I just got a bristlenose pleco yesterday. It's about 2.5-3 inches and already has some short bristles along the upper lip. I can't tell if it's male or female; it has some ridges along the nose/forehead, but not very prominent.

How much do you typically have to feed these fish? I'm using Top Fin algae pellets and there's no grossly visible algae on my tank walls.

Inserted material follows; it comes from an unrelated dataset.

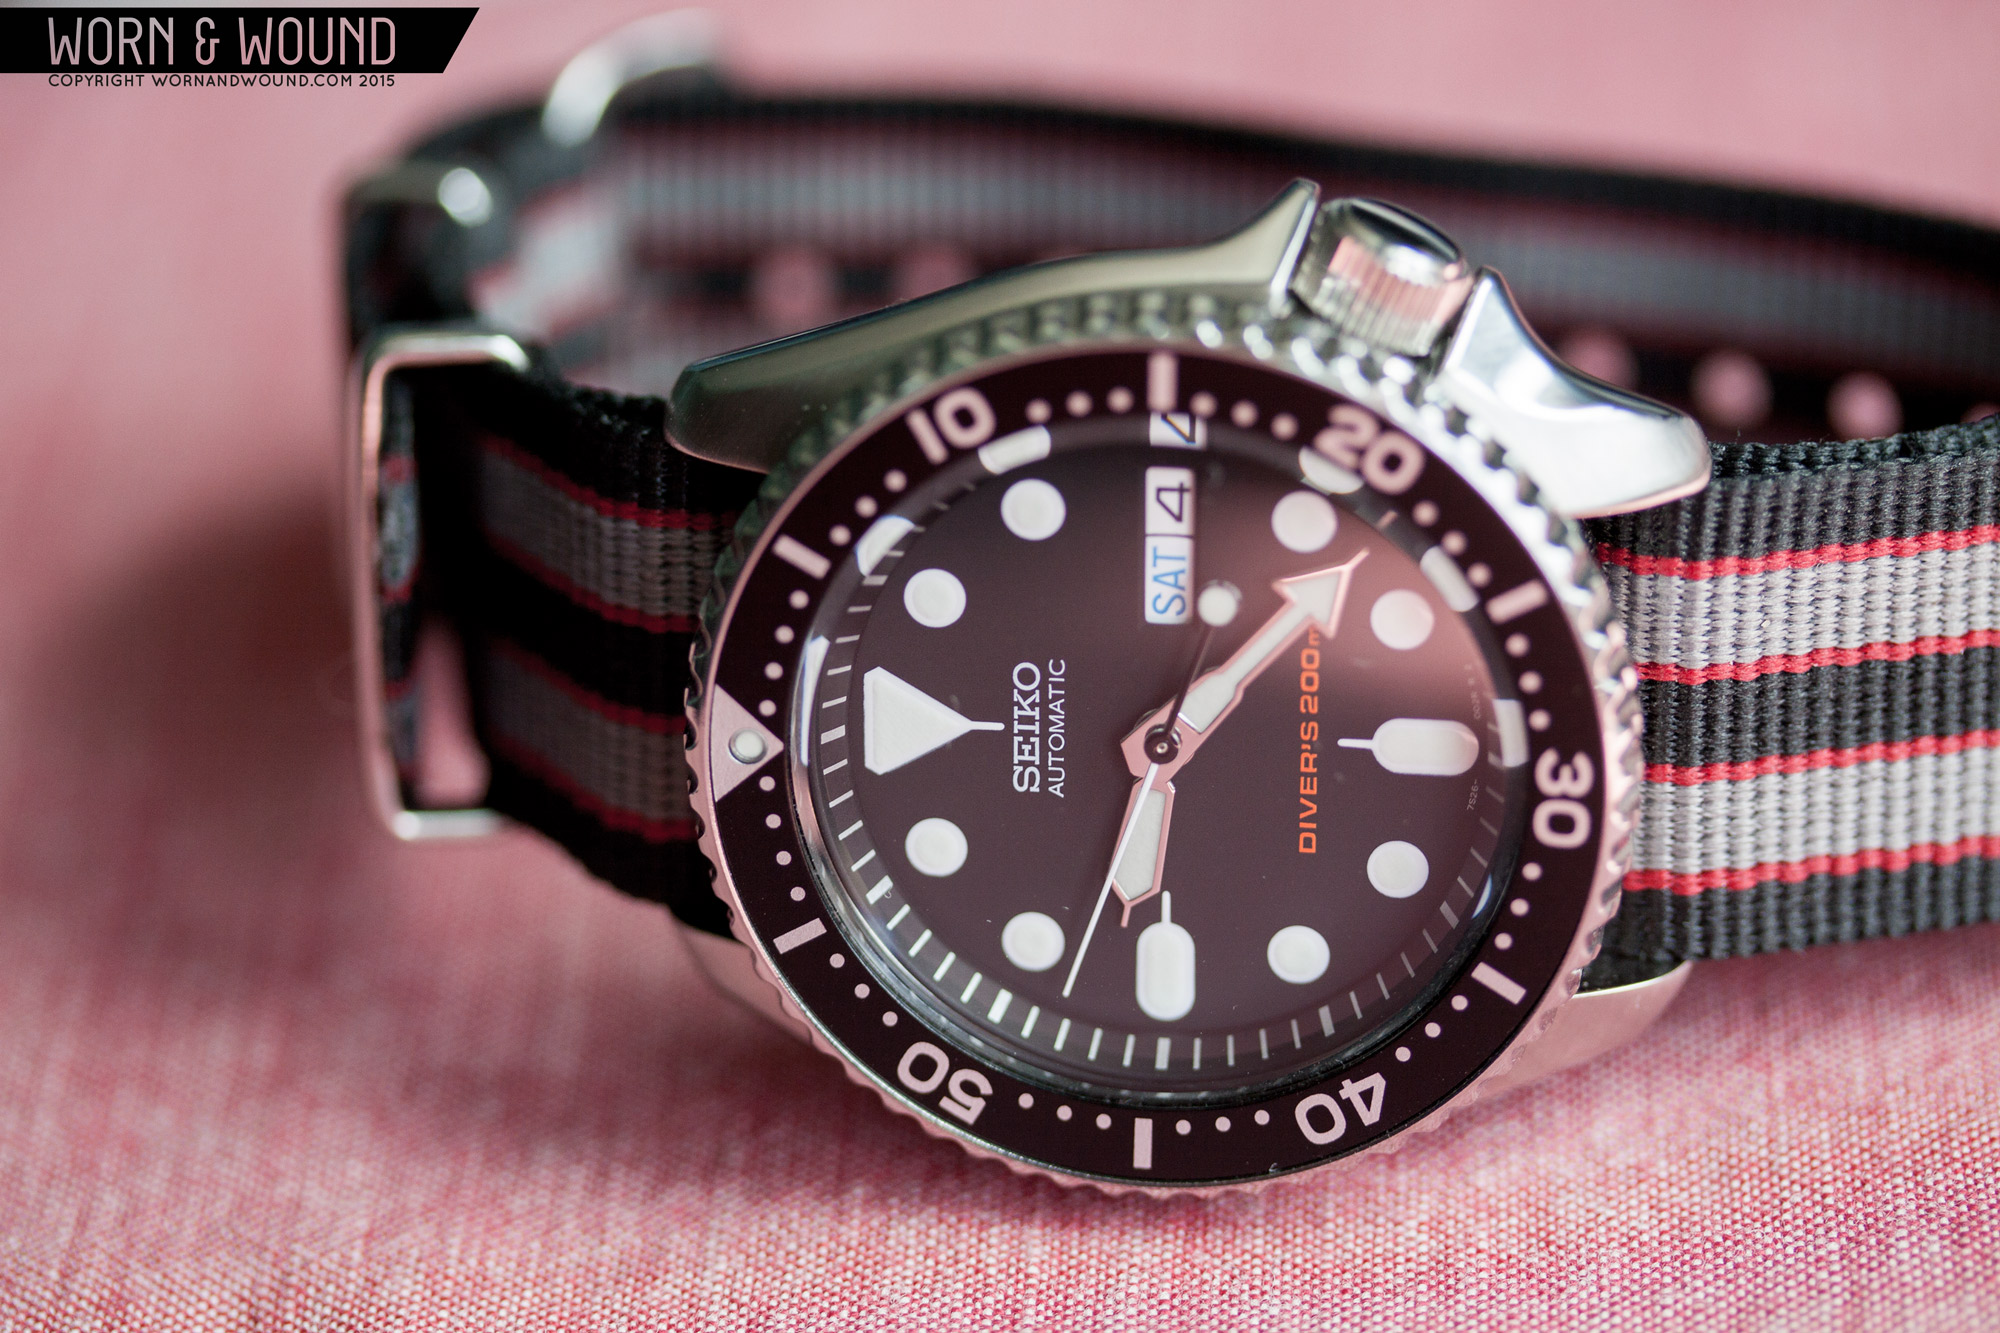 Replica Seiko SKX007 Review - Best Swiss Watch Replica OnlineBest Swiss

I do have a piece of driftwood in there.


----------



## hXcChic22 (Dec 26, 2009)

Algae wafer every other day should do it.


----------



## lohachata (Jan 27, 2006)

feed it 1-2 algea wafers every other day..and some kind of meaty foods in between..some bushynose will exceed 8 inches..so; as they grow you will want to increase food quantities.


----------



## <3~Pleco~<3 (Jan 31, 2009)

the more variety you feed them, the better. blanched veggies, wafers, and other types of pellets are readily taken.


----------



## superguppy (Feb 15, 2010)

My bristlenose doesn't seem to be eating either my algae wafers or cucumber. It appears that he's at least touching them because they change locations from where I put them, but it doesn't eat them. I see him sucking on the walls a lot even though they appear sparkling clean. Do I just assume that when he starts to starve he will start going for the wafers/cucumbers/other foods?


----------



## jones57742 (Sep 8, 2007)

superguppy said:


> Do I just assume that when he starts to starve he will start going for the wafers/cucumbers/other foods?


sg:

I do not know about the cucumber but the wafers and other foods Yes.

TR


----------



## <3~Pleco~<3 (Jan 31, 2009)

Mine LOVES blanched cucumber, but all plecos are different.


----------



## jrdeitner (Feb 7, 2010)

the one i had liked zucchini. you can blanch it or tie it to something heavy. females like more meaty things, so try feeding shrimp wafers.


----------



## superguppy (Feb 15, 2010)

i've been trying to feed the pleco some algae wafers, but i'm not sure that it's eating them. I have 3 zebra danios and 3 cory trilineatus in there with it, so i break an algae wafer into 3-4 pieces and toss it in. The pleco will find one of the pieces and start sucking on it. Whenever a cory comes by, the pleco starts thrashing around to defend it's food, but in doing so, it loses it and I'm not sure it ever finds it again. I myself can't find the food in all the mess to know if it's been eaten or not. My substrate is around the same color as the wafers so they just blend in. Any ideas?


----------



## emc7 (Jul 23, 2005)

Give the pleco a cave, drop one wafer in front of it, the rest on the other side of the tank. A pleco can learn to grab it and drag it where he can eat in peace. http://plecocaves.com/Caves.htm


----------